Exercise aim:
Images are to be left out; everything else in the listing should be repeated exactly.

Information supplied:

________

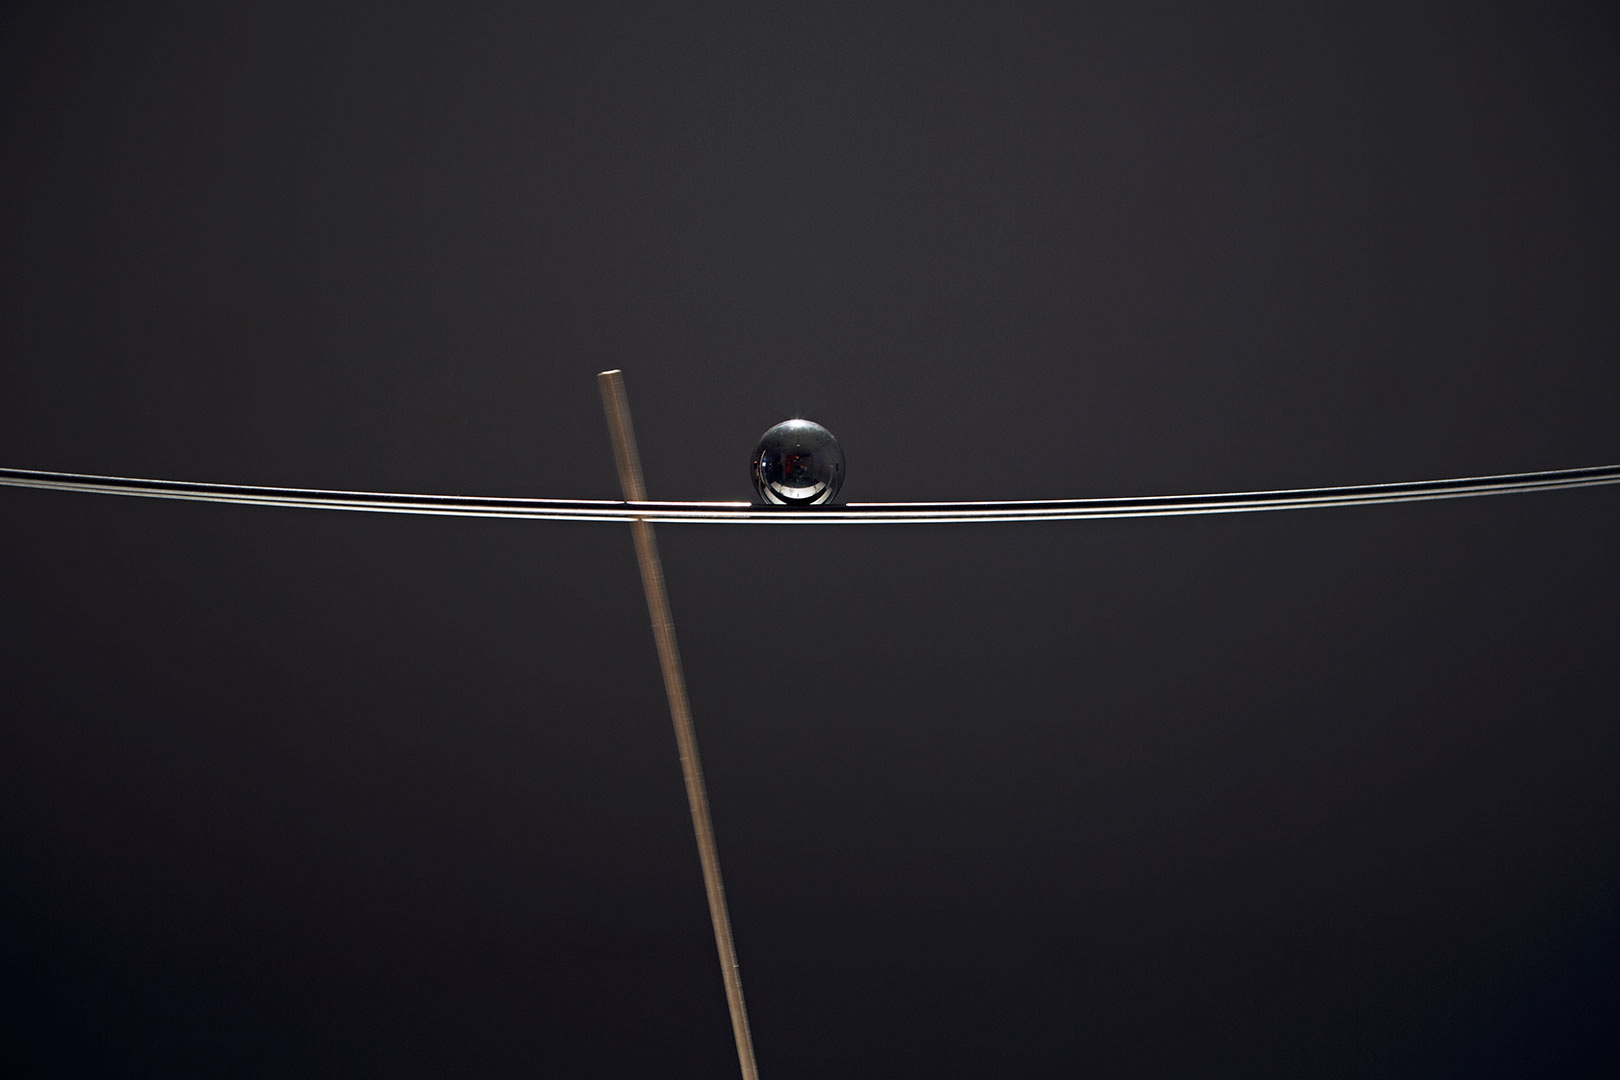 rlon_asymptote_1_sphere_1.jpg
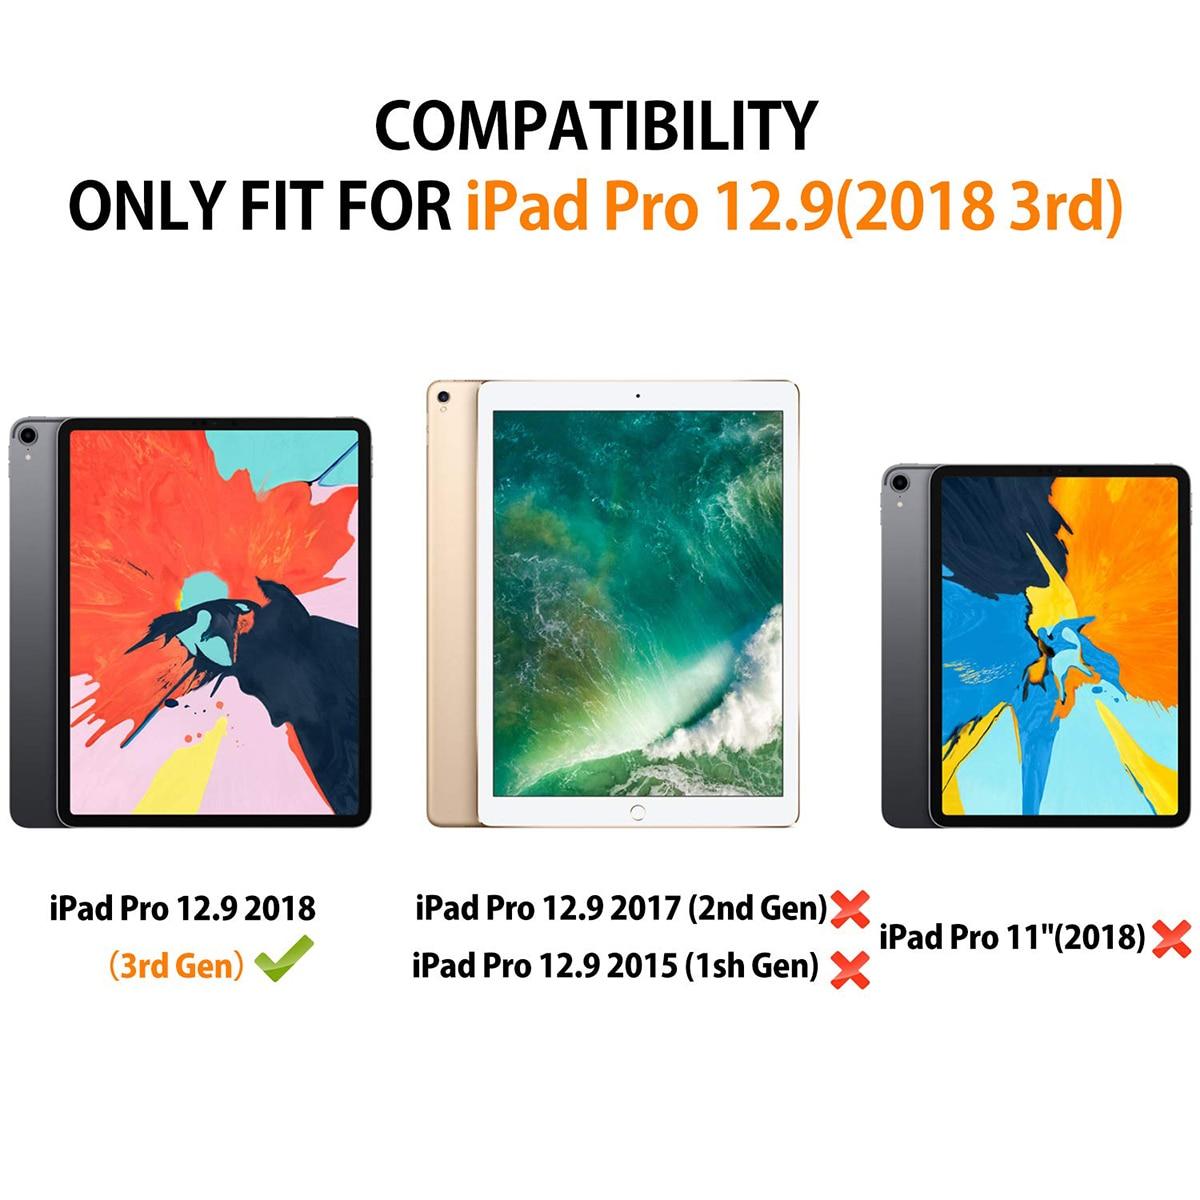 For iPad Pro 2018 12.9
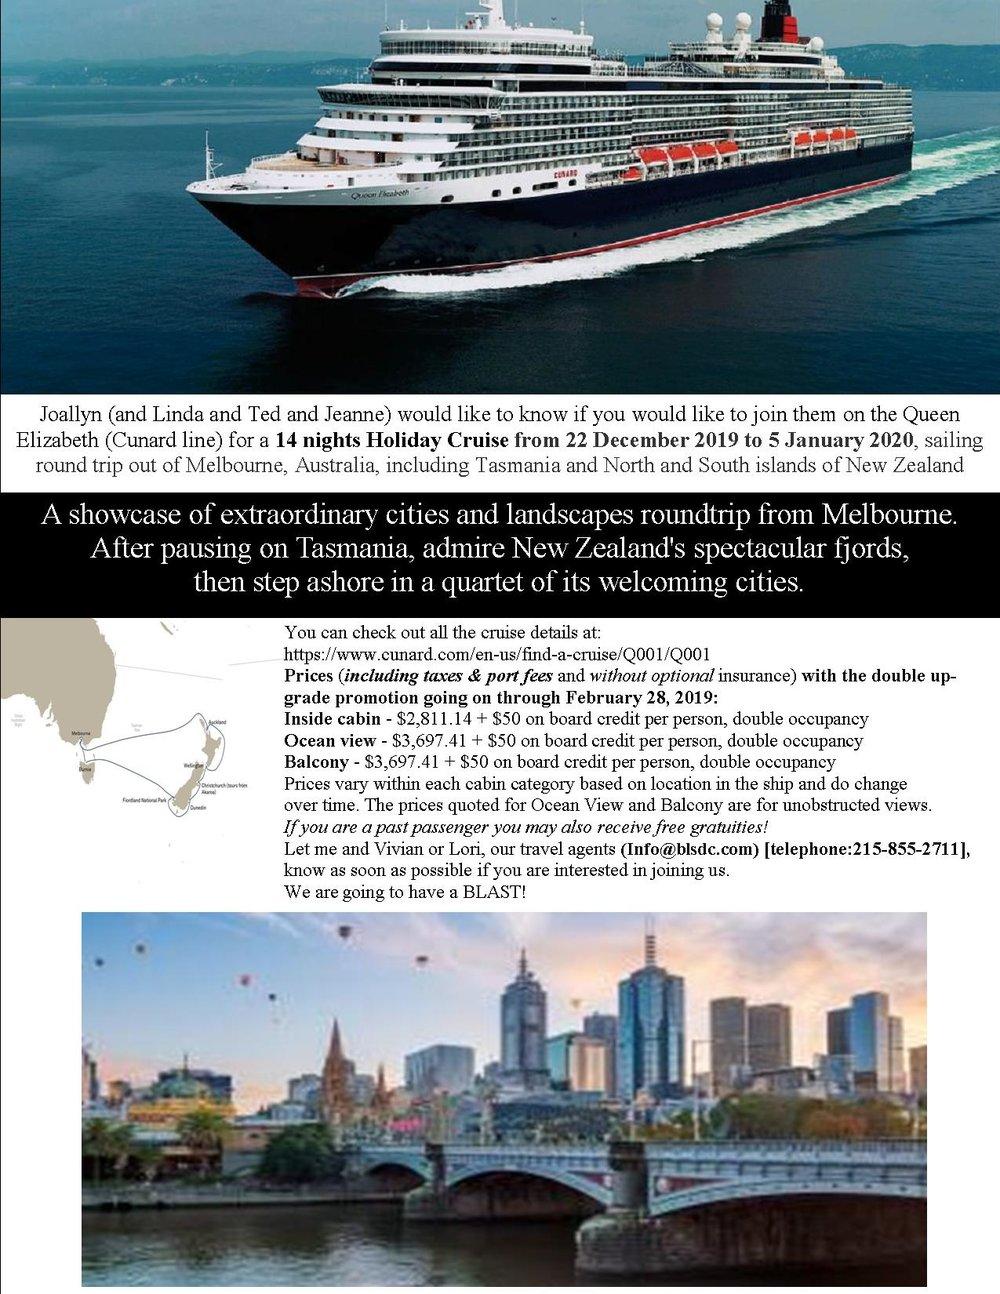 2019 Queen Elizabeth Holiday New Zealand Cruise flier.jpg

________

Written solution:
 rlon_asymptote_1_sphere_1.jpg
 For iPad Pro 2018 12.9
 2019 Queen Elizabeth Holiday New Zealand Cruise flier.jpg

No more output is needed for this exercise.